Required work: Transcribe the full listing without changing a word, and omit its pictures.

Dataset excerpt:
++++++
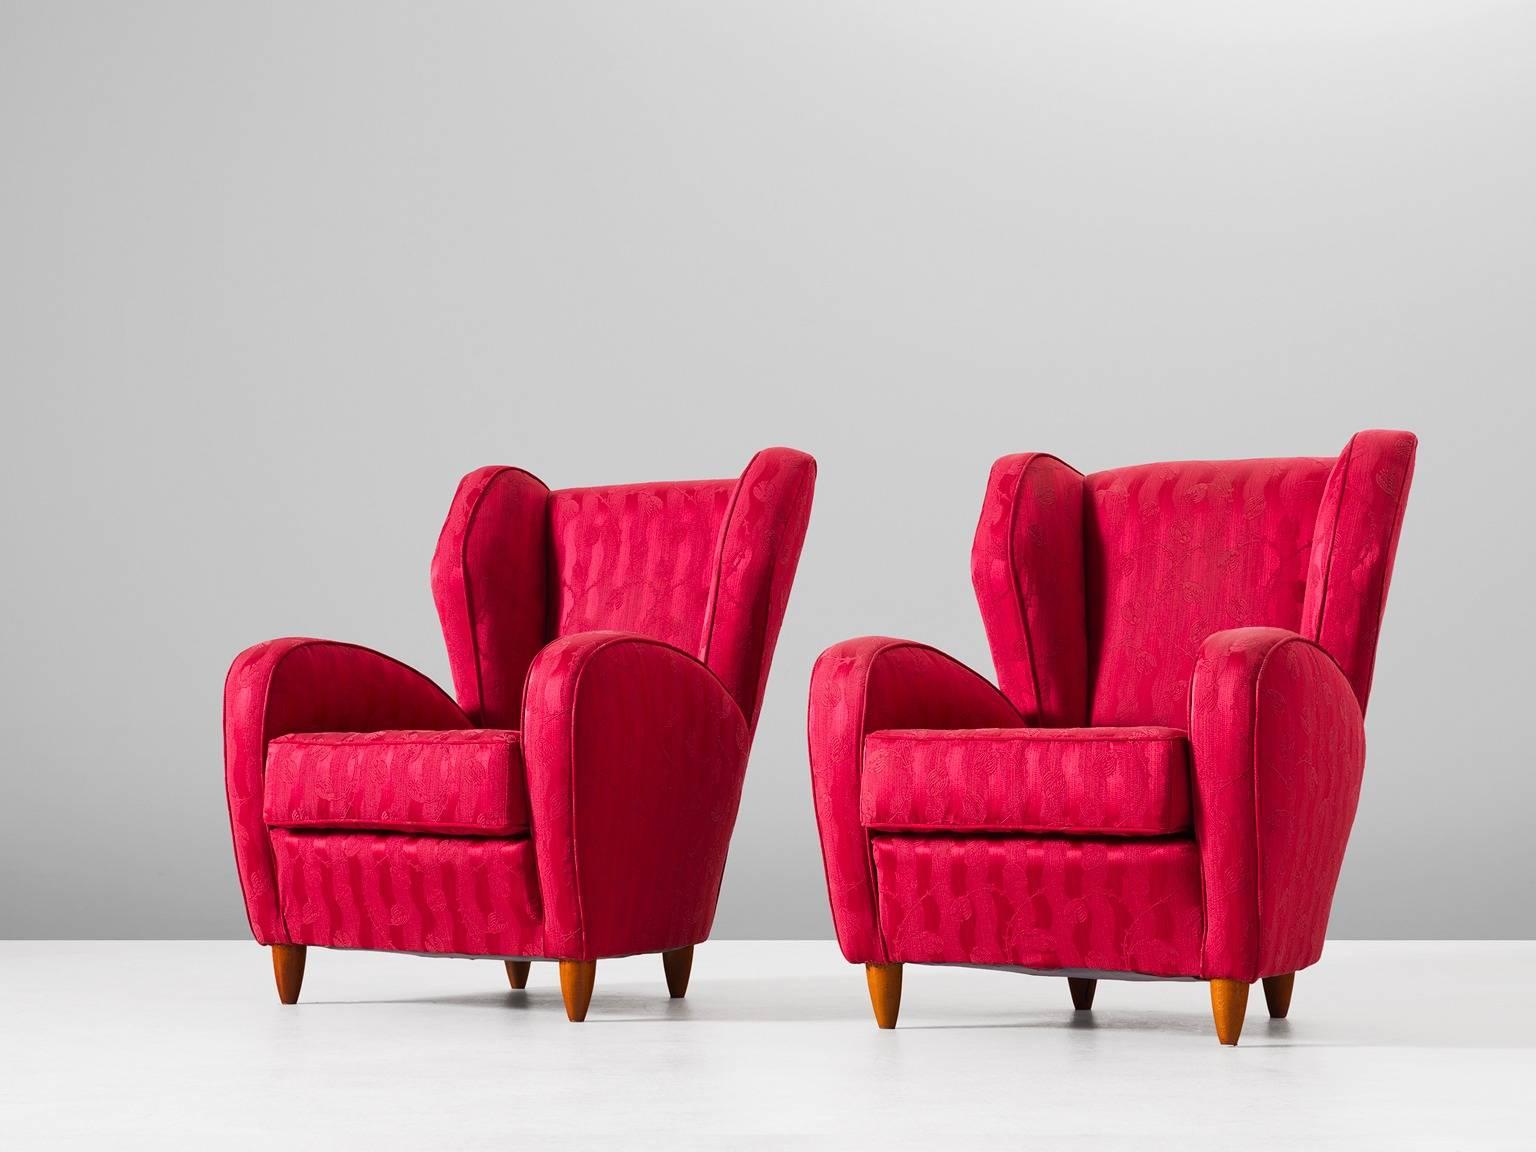 Set of two high back chairs, fabric and wood, Italy, 1950s. 

Pair of elegant Italian wingback chairs. The high armrests and back give this design a Classic and solid character. Beautifully curved with rounded edges. The back forms a beautiful
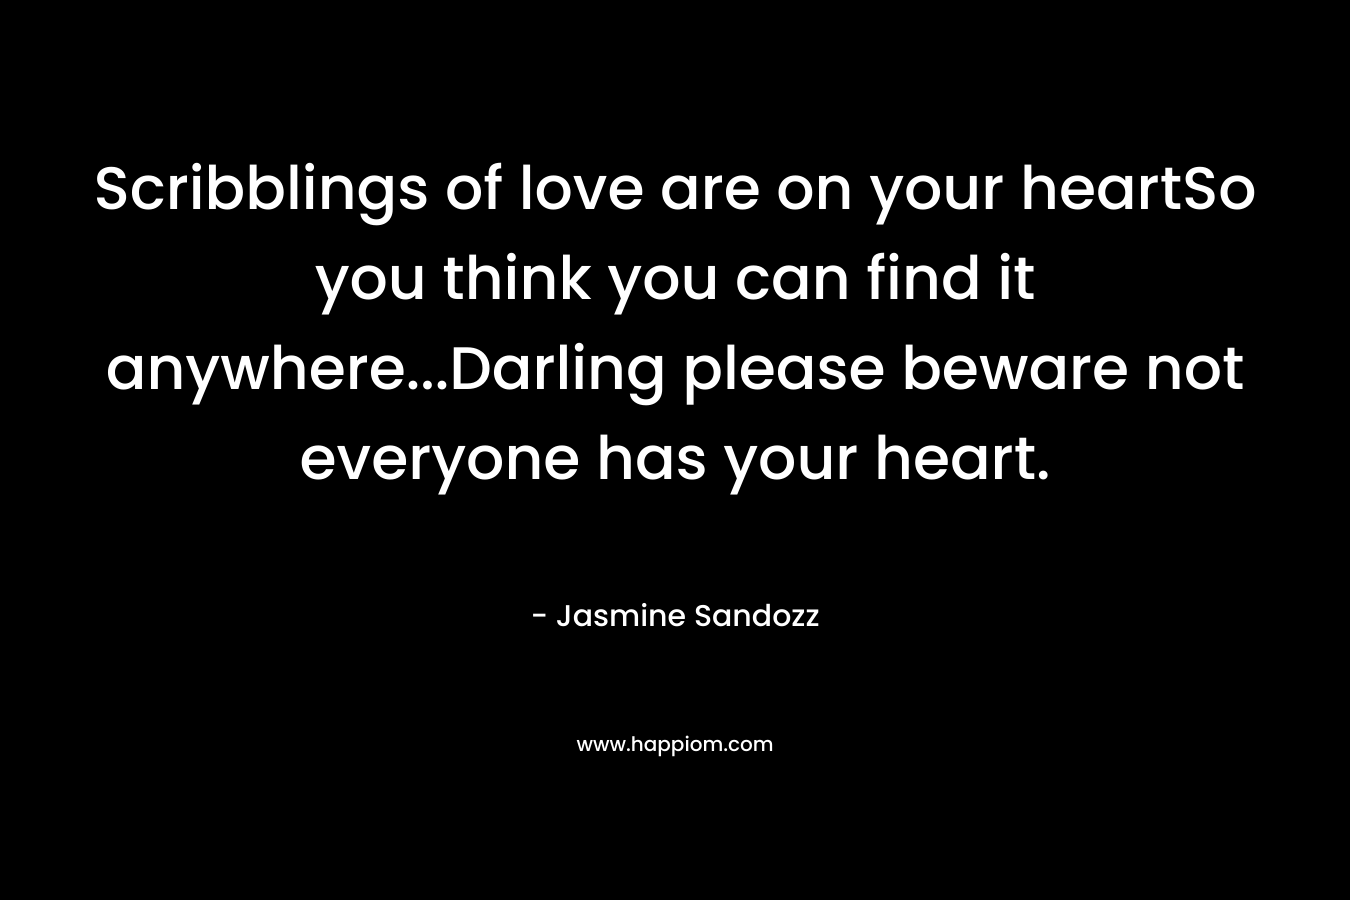 Scribblings of love are on your heartSo you think you can find it anywhere…Darling please beware not everyone has your heart. – Jasmine Sandozz
++++++
Solution to this problem:
 Set of two high back chairs, fabric and wood, Italy, 1950s. 

Pair of elegant Italian wingback chairs. The high armrests and back give this design a Classic and solid character. Beautifully curved with rounded edges. The back forms a beautiful
 Scribblings of love are on your heartSo you think you can find it anywhere…Darling please beware not everyone has your heart. – Jasmine Sandozz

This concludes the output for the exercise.